With the pictures omitted, repeat exactly the lines below starting with the line that has "Parrot in Blossom - Wallpaper - Office" and going on through the line that has "Houbové utěrky CLEAN KIT 18x15 cm, 4 ks".

**Data for review**
-- Opening Marker --

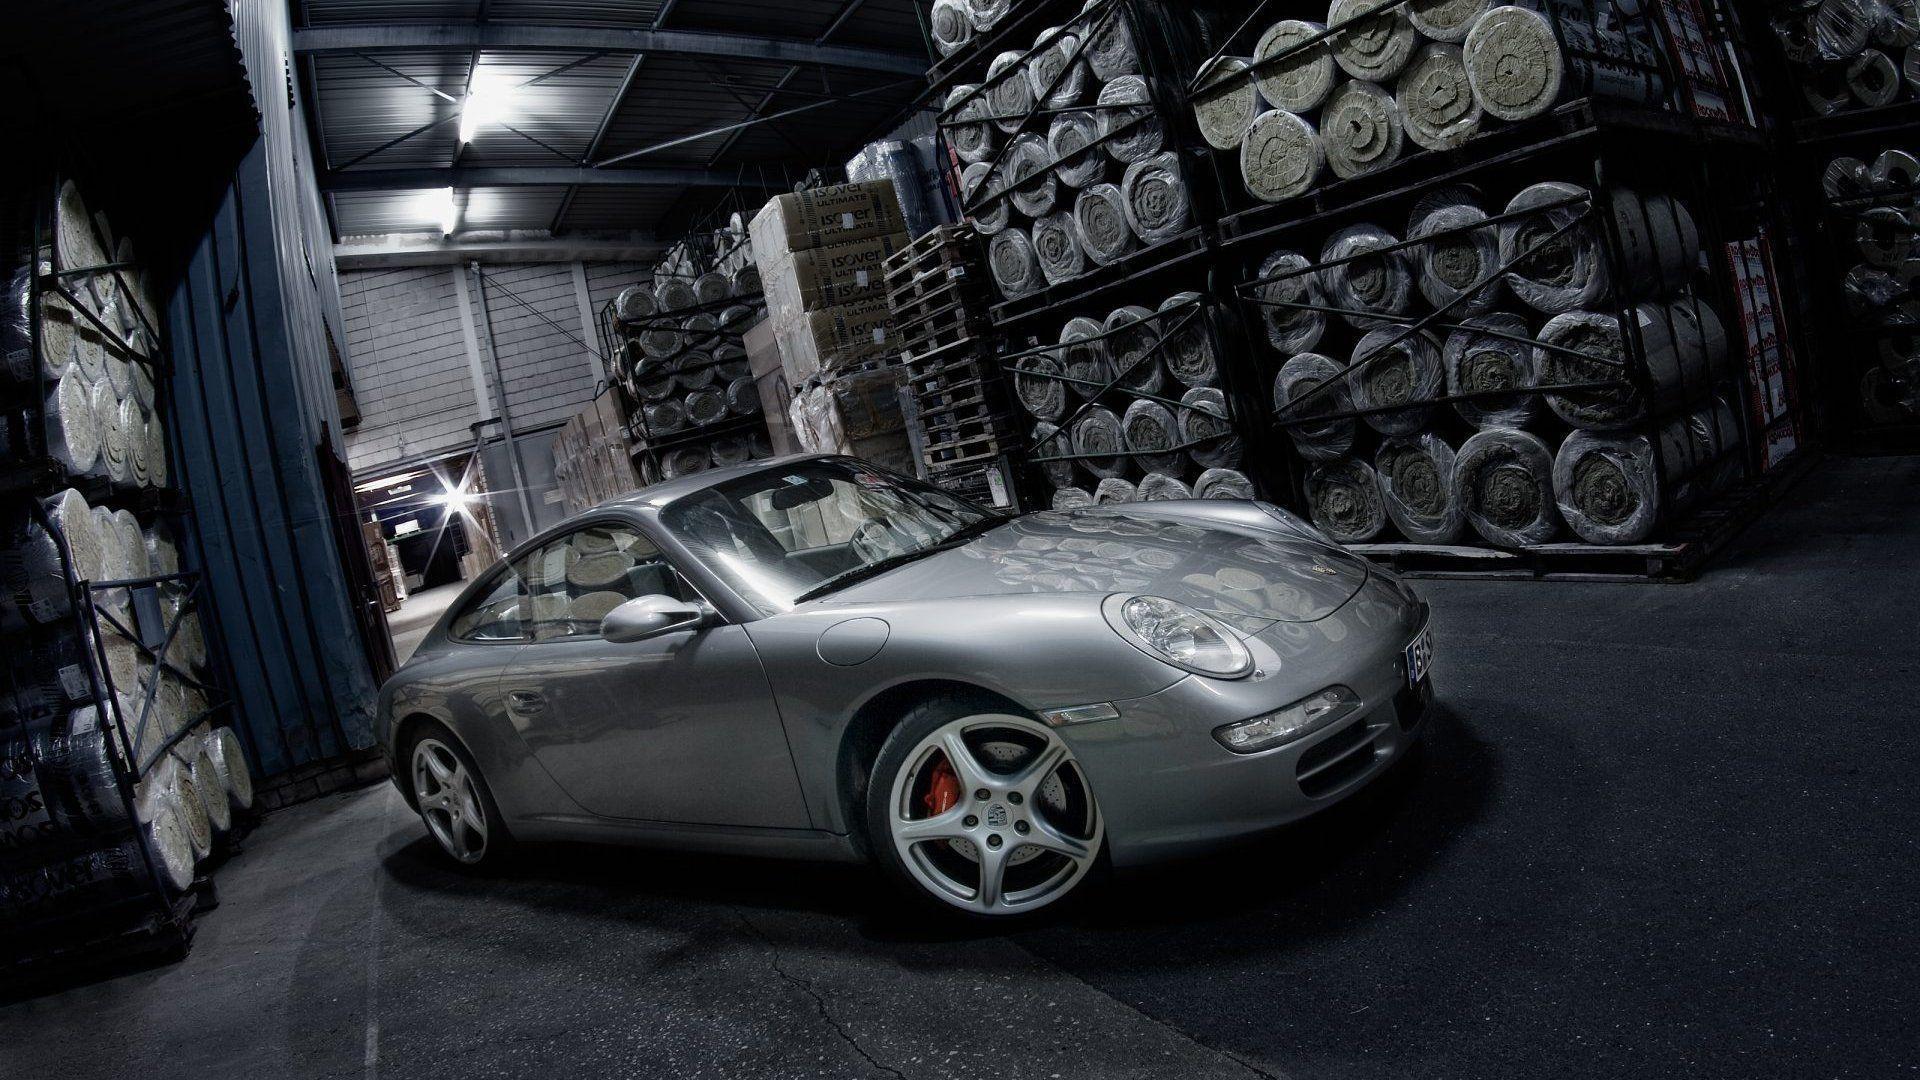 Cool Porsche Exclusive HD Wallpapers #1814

-- Closing Marker --
-- Opening Marker --

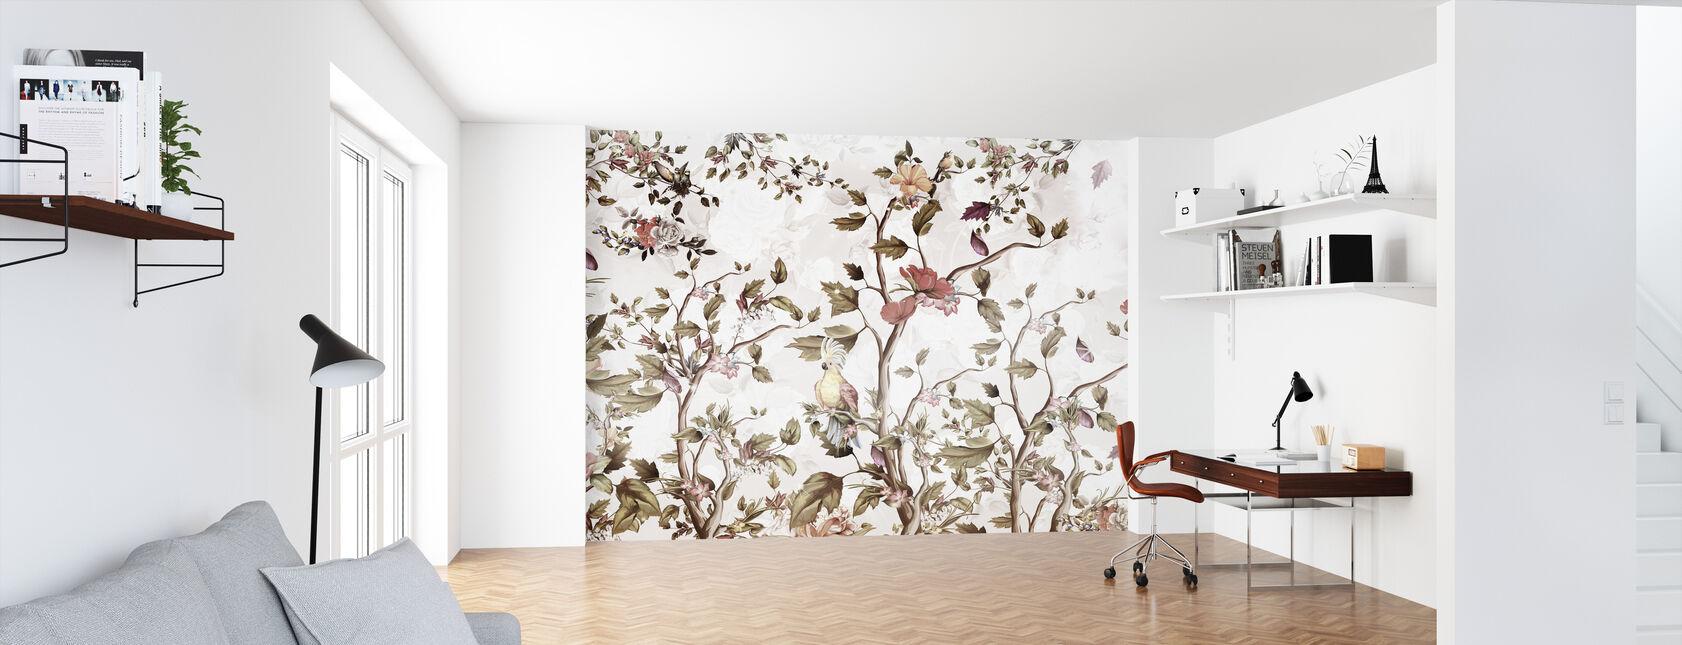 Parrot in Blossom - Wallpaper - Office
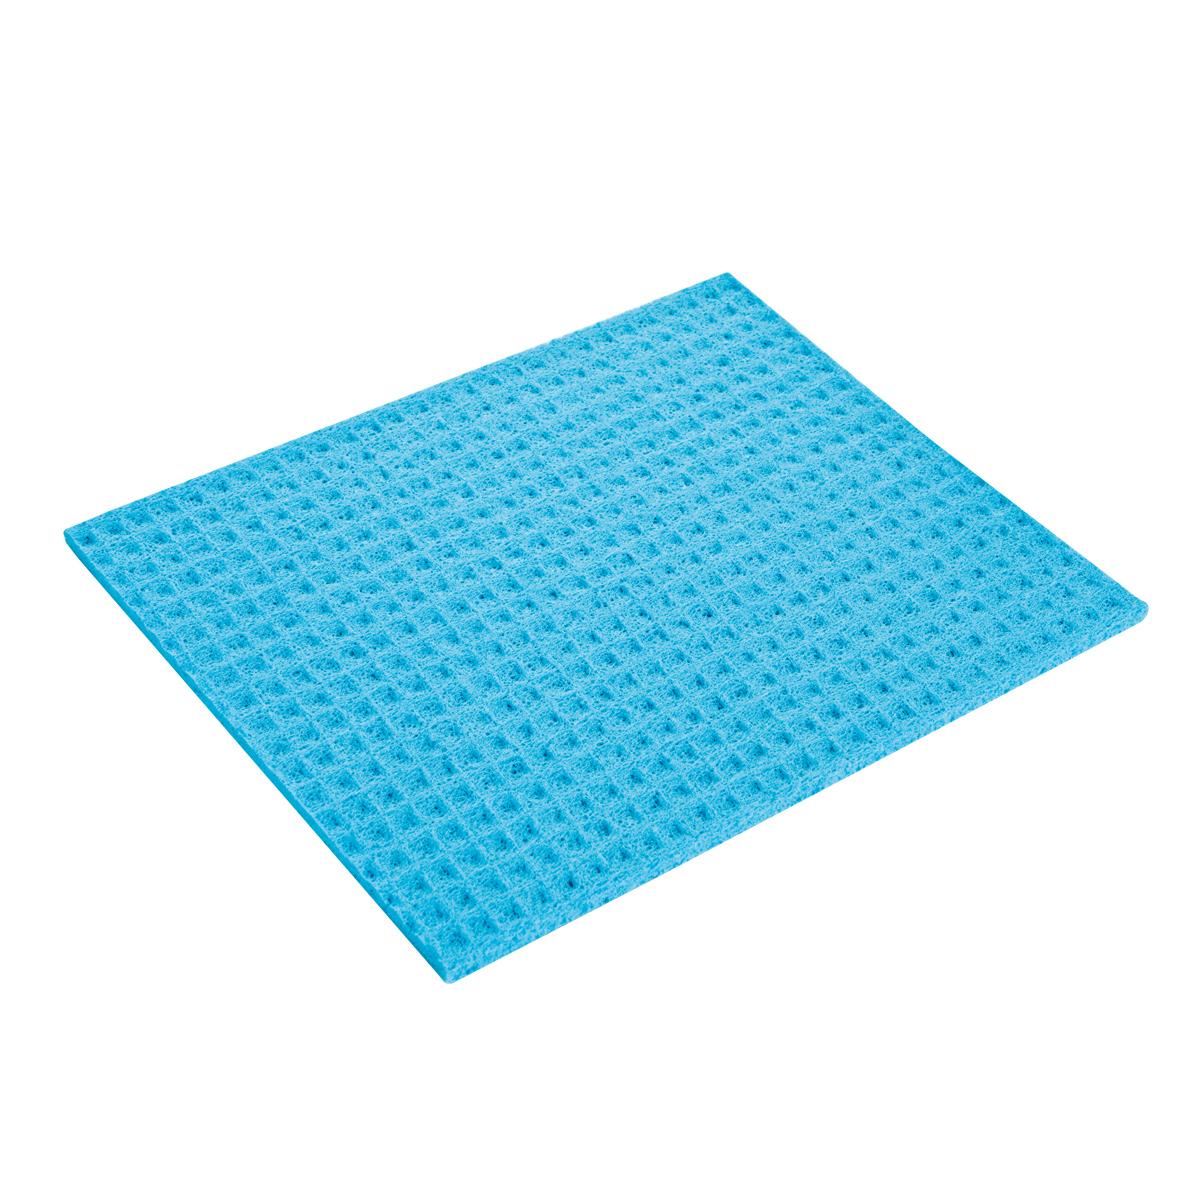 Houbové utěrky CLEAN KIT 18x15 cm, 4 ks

-- Closing Marker --
-- Opening Marker --

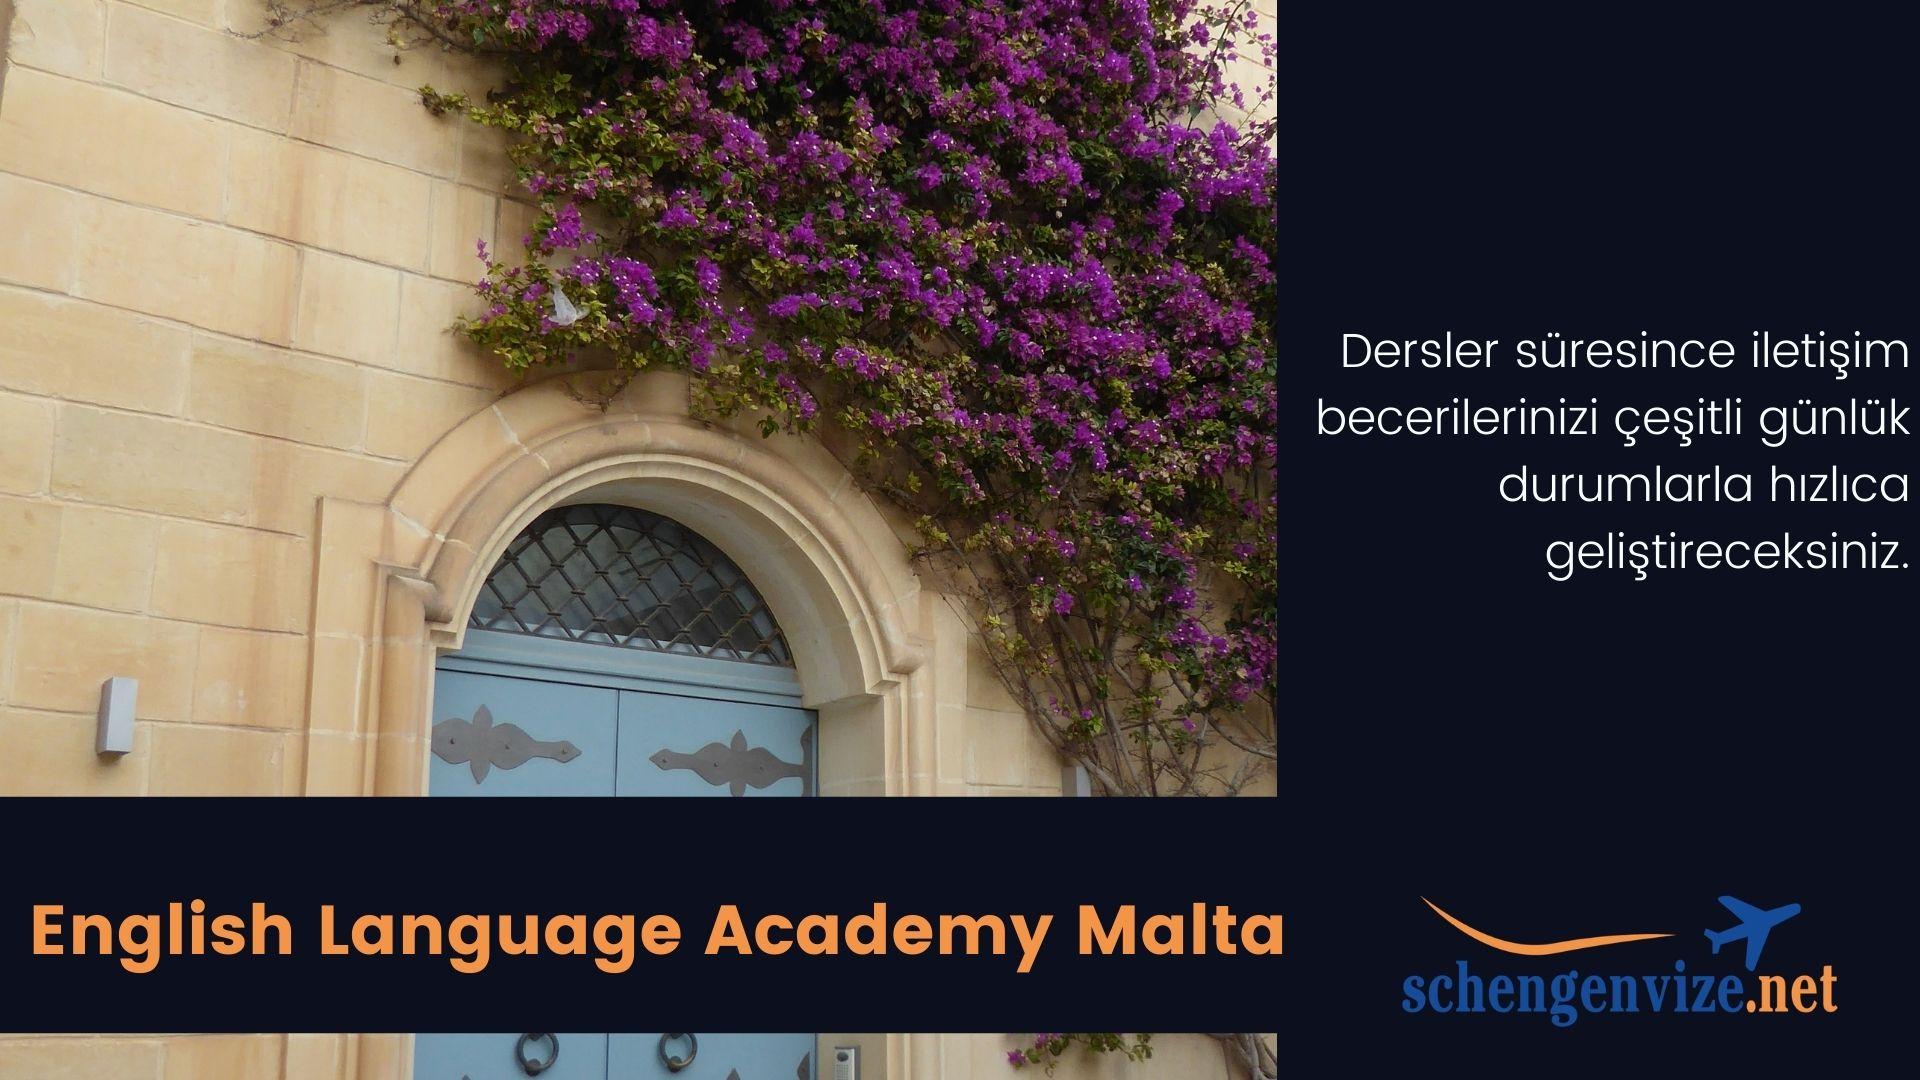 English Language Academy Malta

-- Closing Marker --

**Your response**
 Parrot in Blossom - Wallpaper - Office
 Houbové utěrky CLEAN KIT 18x15 cm, 4 ks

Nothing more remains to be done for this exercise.